Die Methodik der PCR beruht grundlegend auf der natürlichen Replikation, also der Vervielfältigung des Erbguts in Zellen. Mit Hilfe von Thermocyclern wird dieser Vorgang künstlich nachgestellt. Die PCR vervielfältigt eine genau definierte Gen-Sequenz durch systematisches Erhitzen und Abkühlen. Dieser Prozess wird Amplifikation genannt. Die DNA wird in einem ersten Schritt zum Beispiel bis auf 95°C erhitzt und dadurch denaturiert, d.h. die Bindungen zwischen den Doppelsträngen lösen sich auf und sie zerfällt in Einzelstränge. Danach folgt die Primerbindung (Annealing). Die Primer docken  sich hierbei an beiden Seiten der Gen-Sequenz an. Sie legen damit das zu vervielfältigende DNA-Teilstück fest. Die Temperatur wird dazu auf 55 bis 65°C heruntergefahren. Nun folgt bei einer Temperatur um 70°C die Elongationsphase, in welcher die Einzelstränge zu einem spezifischen DNA-Doppelstrang synthetisiert werden.  Der Vorgang wird so lange wiederholt, bis eine ausreichende Menge des gewünschten DNA-Abschnittes für eine Bestimmung hergestellt ist. Zum Nachweis von RNA nutzen Labore die Reverse Transkriptase-Polymerase-Kettenreaktion (RT-PCR). Hierbei wird die Ziel-RNA zunächst in eine komplementäre DNA-Sequenz umgeschrieben und danach amplifiziert.

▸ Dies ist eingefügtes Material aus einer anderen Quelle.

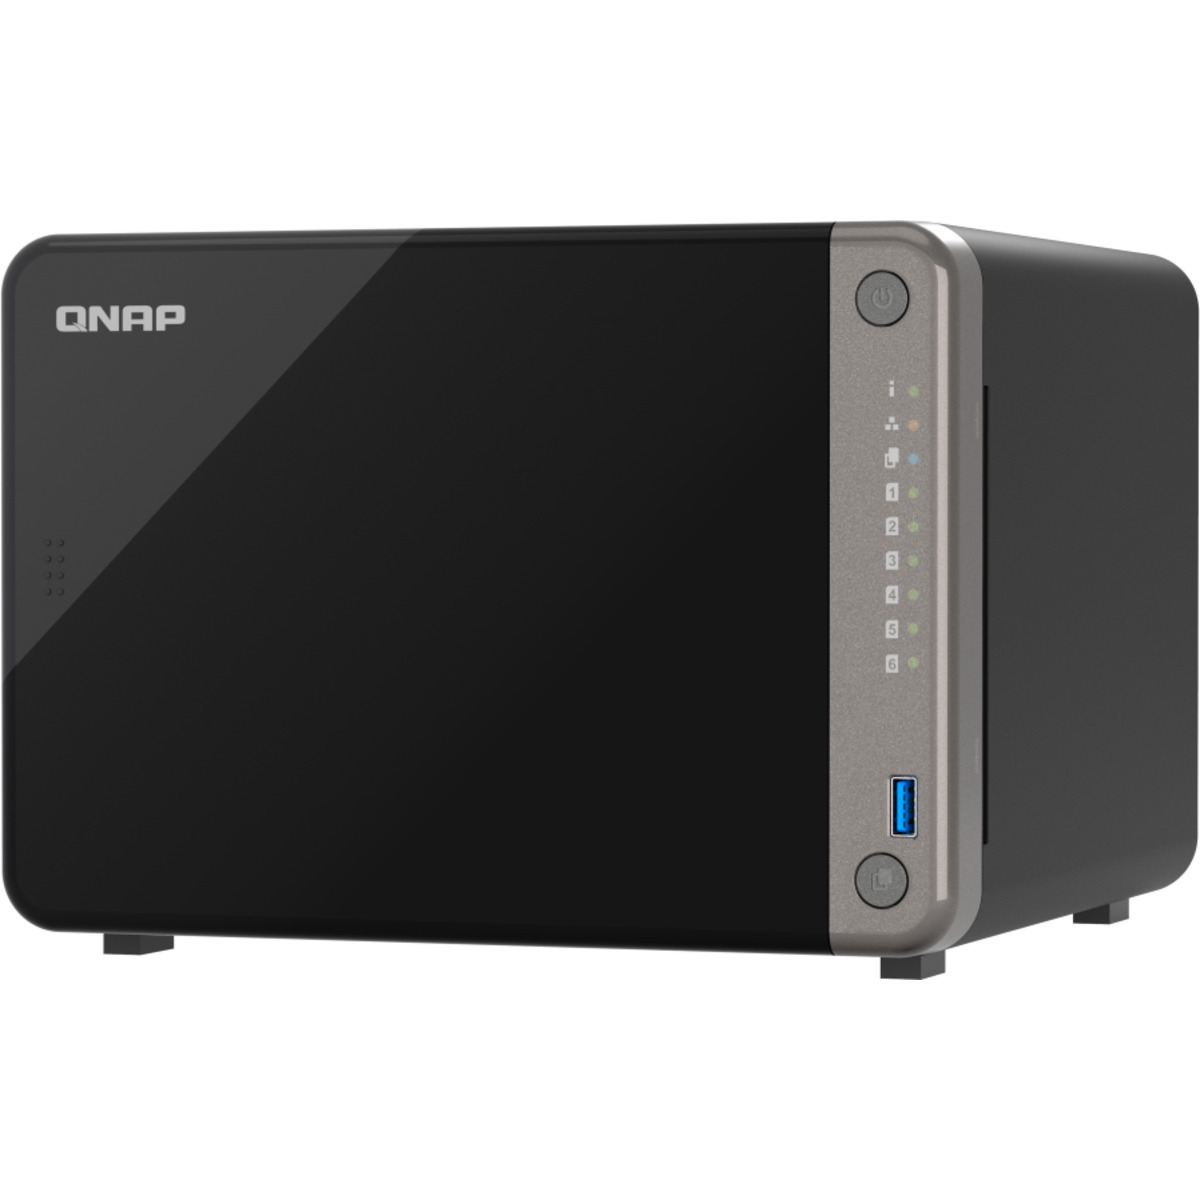 QNAP TS-AI642 48tb 6-Bay Desktop Multimedia / Power User / Business NAS - Network Attached Storage Device 3x16tb Seagate IronWolf Pro ST16000NT001 3.5 7200rpm SATA 6Gb/s HDD NAS Class Drives Installed - Burn-In Tested - ON SALE TS-AI642

Die quantitative Real-time PCR (qPCR) ist eine Weiterentwicklung des PCR-Verfahrens. Während mit der klassischen PCR nach der Amplifikation lediglich Aussagen getroffen werden können, ob eine bestimmte Gen-Sequenz amplifiziert wurde oder nicht, wird mit der qPCR nach jedem Amplifikationszyklus geprüft, welche Menge an amplifizierter DNA vorhanden ist. So kann auch der Verlauf der Amplifikation in Echtzeit analysiert werden. Hierzu wird gewöhnlich ein Fluoreszenzverfahren genutzt. Ein spezielles, fluoreszierendes Färbemittel lagert sich dabei an den DNA-Strängen an. Moderne qPCR-Thermocycler wie der qTOWER³ von Analytik Jena nutzen für die Quantifizierung des Farbstoffes einen zusätzlichen Detektor, um die Fluoreszenz und damit den Verlauf der Amplifikationszyklen zu messen.

qPCR-Applikationen

Analog zur Standard-PCR kann die qPCR ebenfalls für die Diagnostik von Pathogenen, in der Lebensmittelüberwachung, der Gerichtsmedizin oder der Pharma-Produktion eingesetzt werden. Dank ihrer Quantifizierungsfunktion erschließen sich jedoch noch viele weitere Anwendungsfelder, darunter viele junge Forschungsdisziplinen. Die qPCR kann beispielsweise für die Quantifizierung der Genexpression – wie ein bestimmtes Gen in Erscheinung tritt – angewendet werden. Standard-PCR-Verfahren sind dafür zu unzuverlässig.

Auch im Next Generation Sequencing (NGS) finden qPCR-Thermocycler Anwendung. NGS ist ein Sammelbegriff für neue, sehr schnelle Verfahren zur Sequenzierung von Erbgut. In vielen Bereichen der NGS spielt die Quantifizierung von DNA und RNA eine wichtige Rolle. Quantitative PCR wird etwa für diverse NGS-Vorbereitungsschritte verwendet, zum Beispiel zur Erstellung von DNA-Bibliotheken (Library Preperation). Die qPCR ermöglicht darüber hinaus die Quantifizierung und die Genotypisierung (Genotyping), also die Charakterisierung zum Beispiel eines Viren-Stammes in der klinischen Diagnostik. Viele Viren gelangen häufig durch indirekte Infektionen oder Ko-Infektionen in den menschlichen Körper, was zu Fehldiagnosen führen kann. Die Anzahl von Viruskopien kann, etwa bei bestimmten Herpesviren, Auskunft darüber geben, ob ein bisher inaktives Virus ausgebrochen ist. Die Quantifizierung über qPCR-Verfahren schafft hier eine solidere Datenbasis für Diagnosen und Behandlungsfortschritte.